Nanomedicine is the use of nanotechnology in medicine. Nanomedicine encompasses everything from medicinal nanomaterials and biological devices to nanoelectronic biosensors and potentially future molecular nanotechnology applications such as biological machines. Nanomedicine's current challenges include determining the toxicity and environmental impact of nanoscale compounds (materials whose structure is on the scale of nanometers, i.e. billionths of a meter). Interfacing nanomaterials with biological molecules or structures can provide functionality to them. Because nanomaterials are close in size to most biological molecules and structures, they can be used for biomedical research and applications both in vivo and in vitro.
Diagnostic gadgets, contrast agents, analytical instruments, physical therapy applications, and drug delivery vehicles have all been developed as a result of the integration of nanomaterials and biology thus far. Nanomedicine aspires to provide a helpful collection of research tools and clinically relevant gadgets in the not-too-distant future. New commercial uses in the pharmaceutical business, according to the National Nanotechnology Initiative, might include enhanced drug delivery systems, new therapeutics, and in vivo imaging. The US National Institutes of Health Common Fund programme is sponsoring nanomedicine research and supporting four nanomedicine development centres. Nanotechnology has made it possible to use nanoparticles to deliver medications to specific cells. By depositing the active medication solely in the morbid region and at no greater dose than required, overall drug consumption and adverse effects can be greatly reduced.

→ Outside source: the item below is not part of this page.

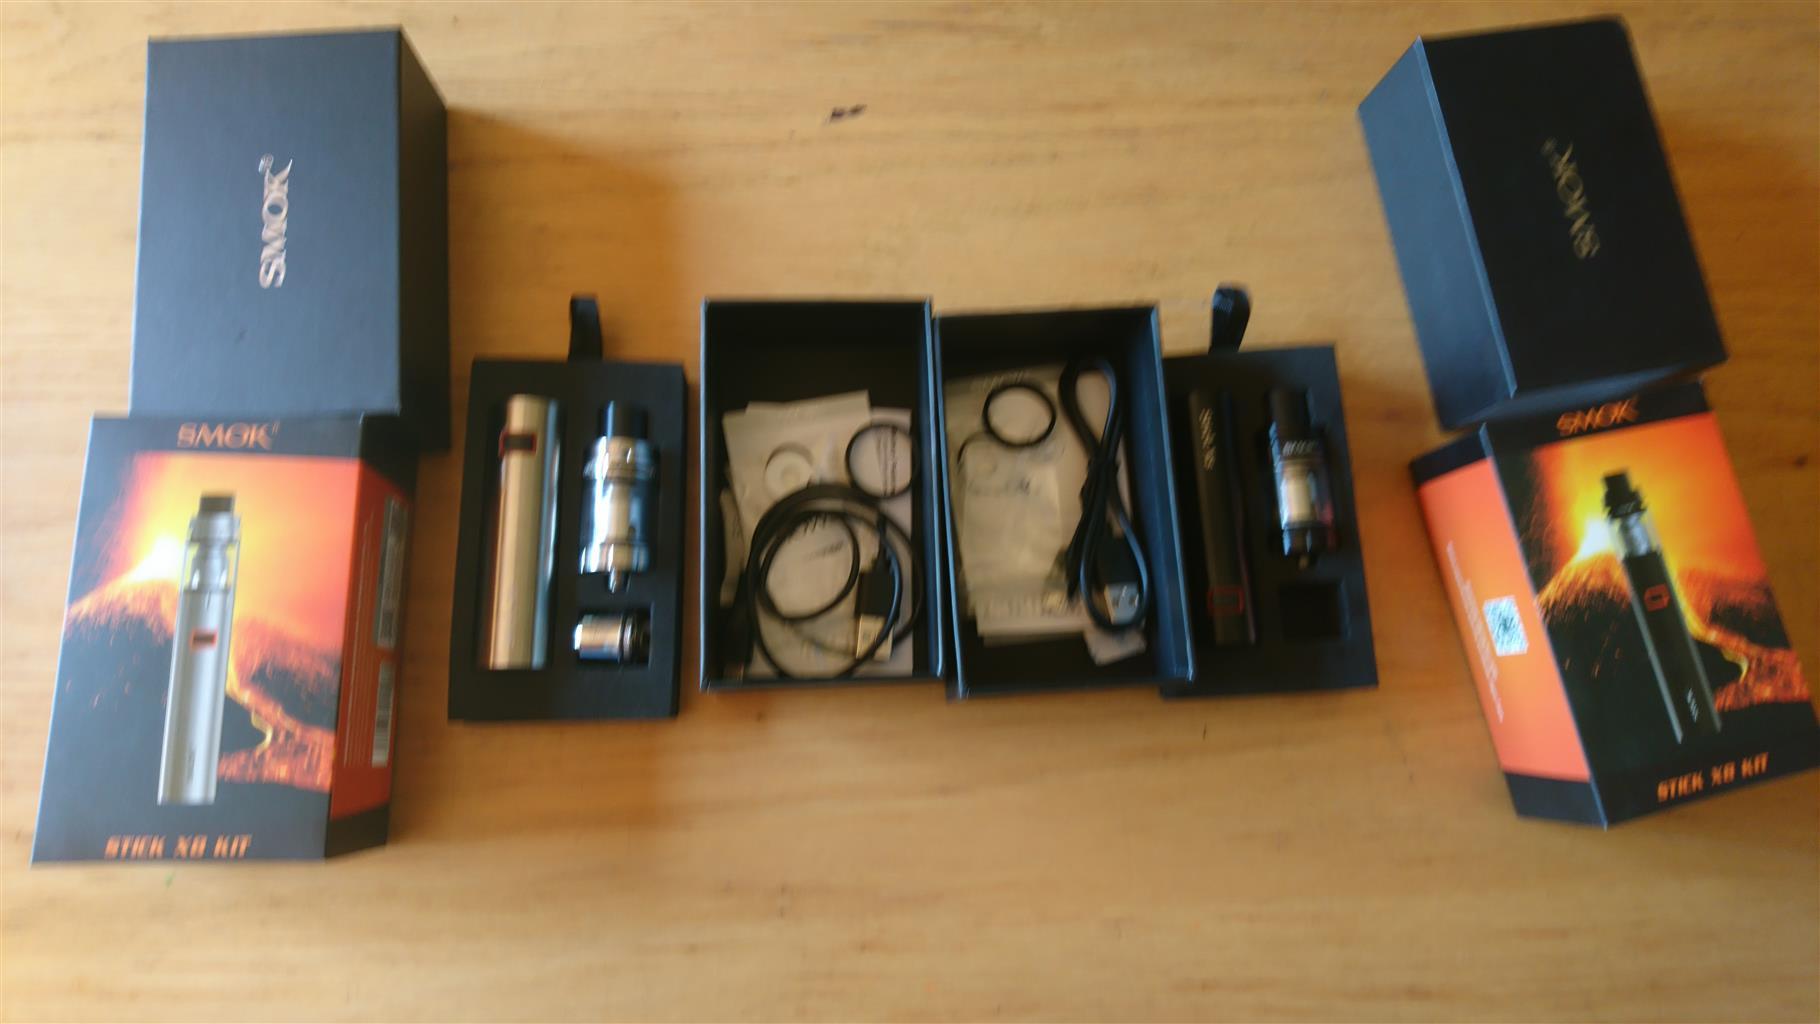 2x SMOK Stick X8 Kits
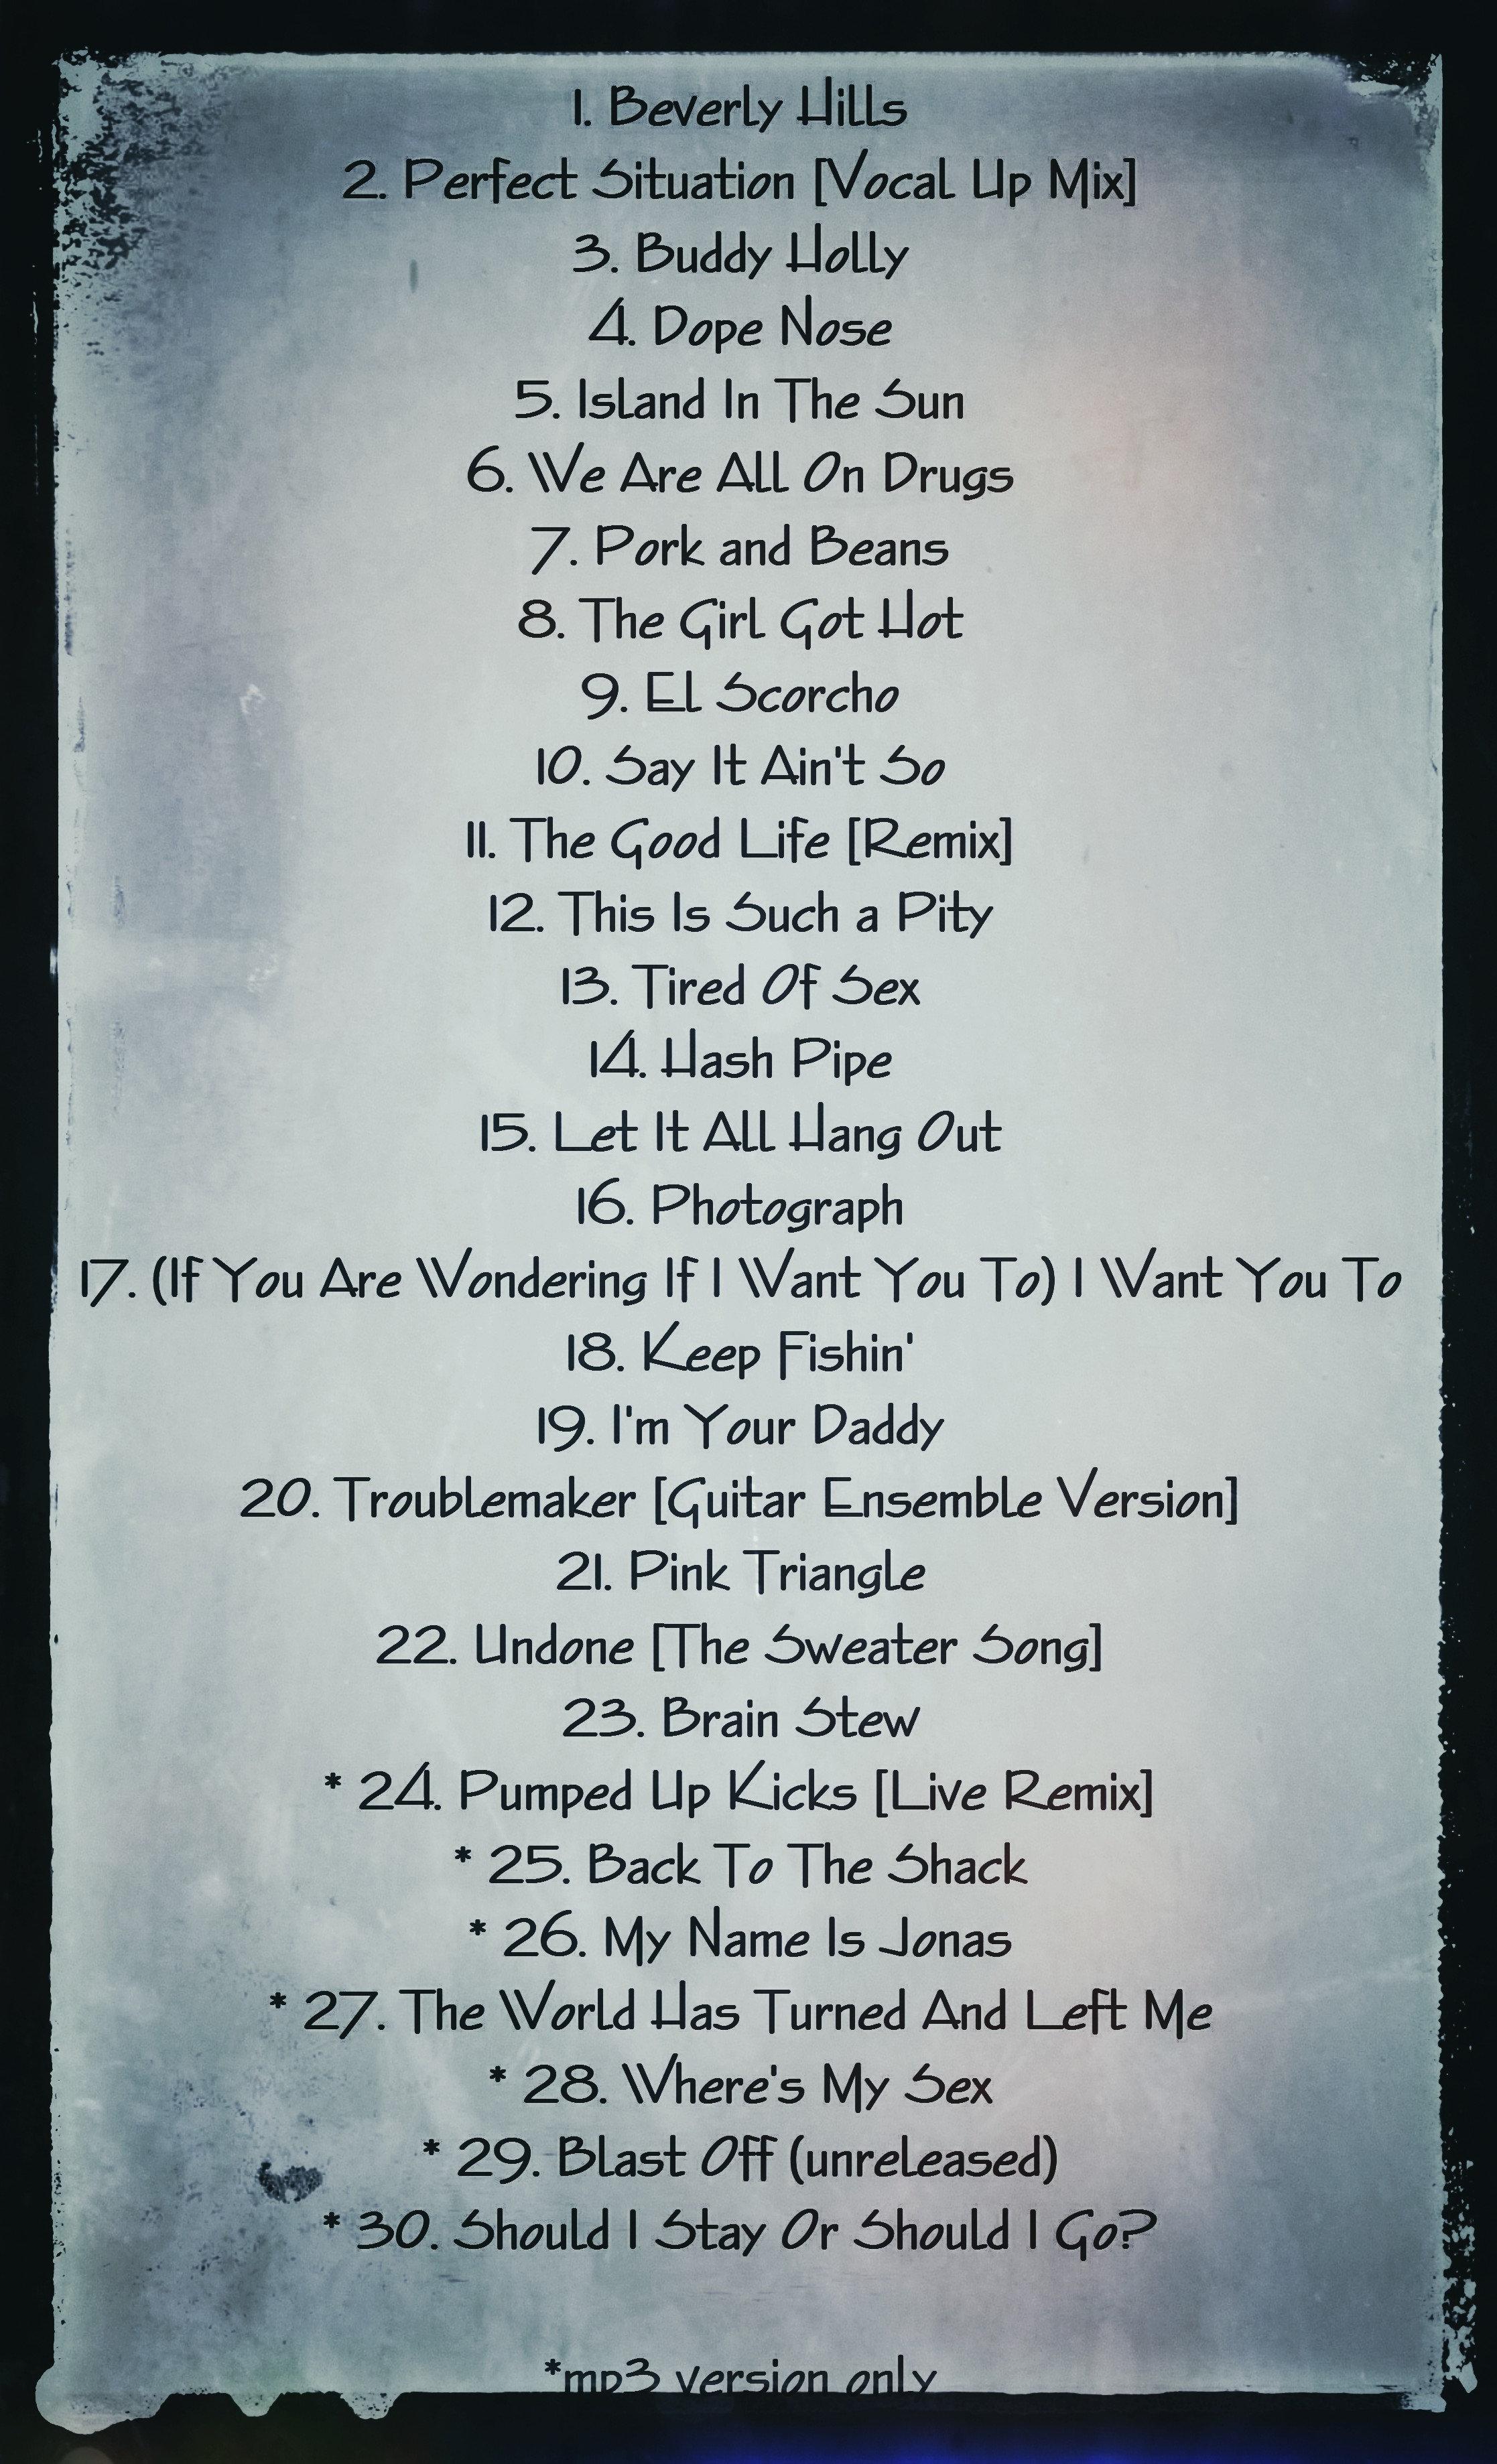 Weezer Ultra Hits | vicious-circle-cdod

The goal of targeted medication delivery is to eliminate drug adverse effects while also lowering drug intake and treatment costs. The goal of drug delivery is to maximize bioavailability in specific areas of the body and throughout time. This could be accomplished by using nanoengineered devices to target molecules. Smaller gadgets are less intrusive and can potentially be implanted inside the body, and biochemical reaction times are much faster when using nanotechnology for medical technologies.
These devices are more sensitive and faster than traditional medication delivery systems. The efficacy of drug delivery by nanomedicine is largely determined by: a) efficient drug encapsulation, b) successful drug delivery to the targeted region of the body, and c) successful drug release. Drug delivery systems, such as lipid or polymer-based nanoparticles, can be engineered to optimise the drug's pharmacokinetics and biodistribution. The pharmacokinetics and pharmacodynamics of nanomedicine, on the other hand, differ greatly amongst people. Nanoparticles offer favourable qualities that can be employed to increase medicine delivery when engineered to circumvent the body's defence processes. Drug delivery systems that can get medications through cell membranes and into the cytoplasm are currently being developed. One technique for medicinal compounds to be used more efficiently is through riggered response. Drugs are implanted in the body and only activate when they come into contact with a specific signal. A medication with low solubility, for example, will be replaced with a drug delivery system that includes both hydrophilic and hydrophobic environments, enhancing solubility.
Citation: Pradhan S (2021) Nanomedicine: An Overview. J Biomed Eng & Med Dev. 6:170.
Received: 10-Jun-2021 Accepted: 17-Jun-2021 Published: 24-Jun-2021 , DOI: 10.35248/2475-75184.108.40.206
Copyright: © 2021 Pradhan S. This is an open-access article distributed under the terms of the Creative Commons Attribution License, which permits unrestricted use, distribution, and reproduction in any medium, provided the original author and source are credited.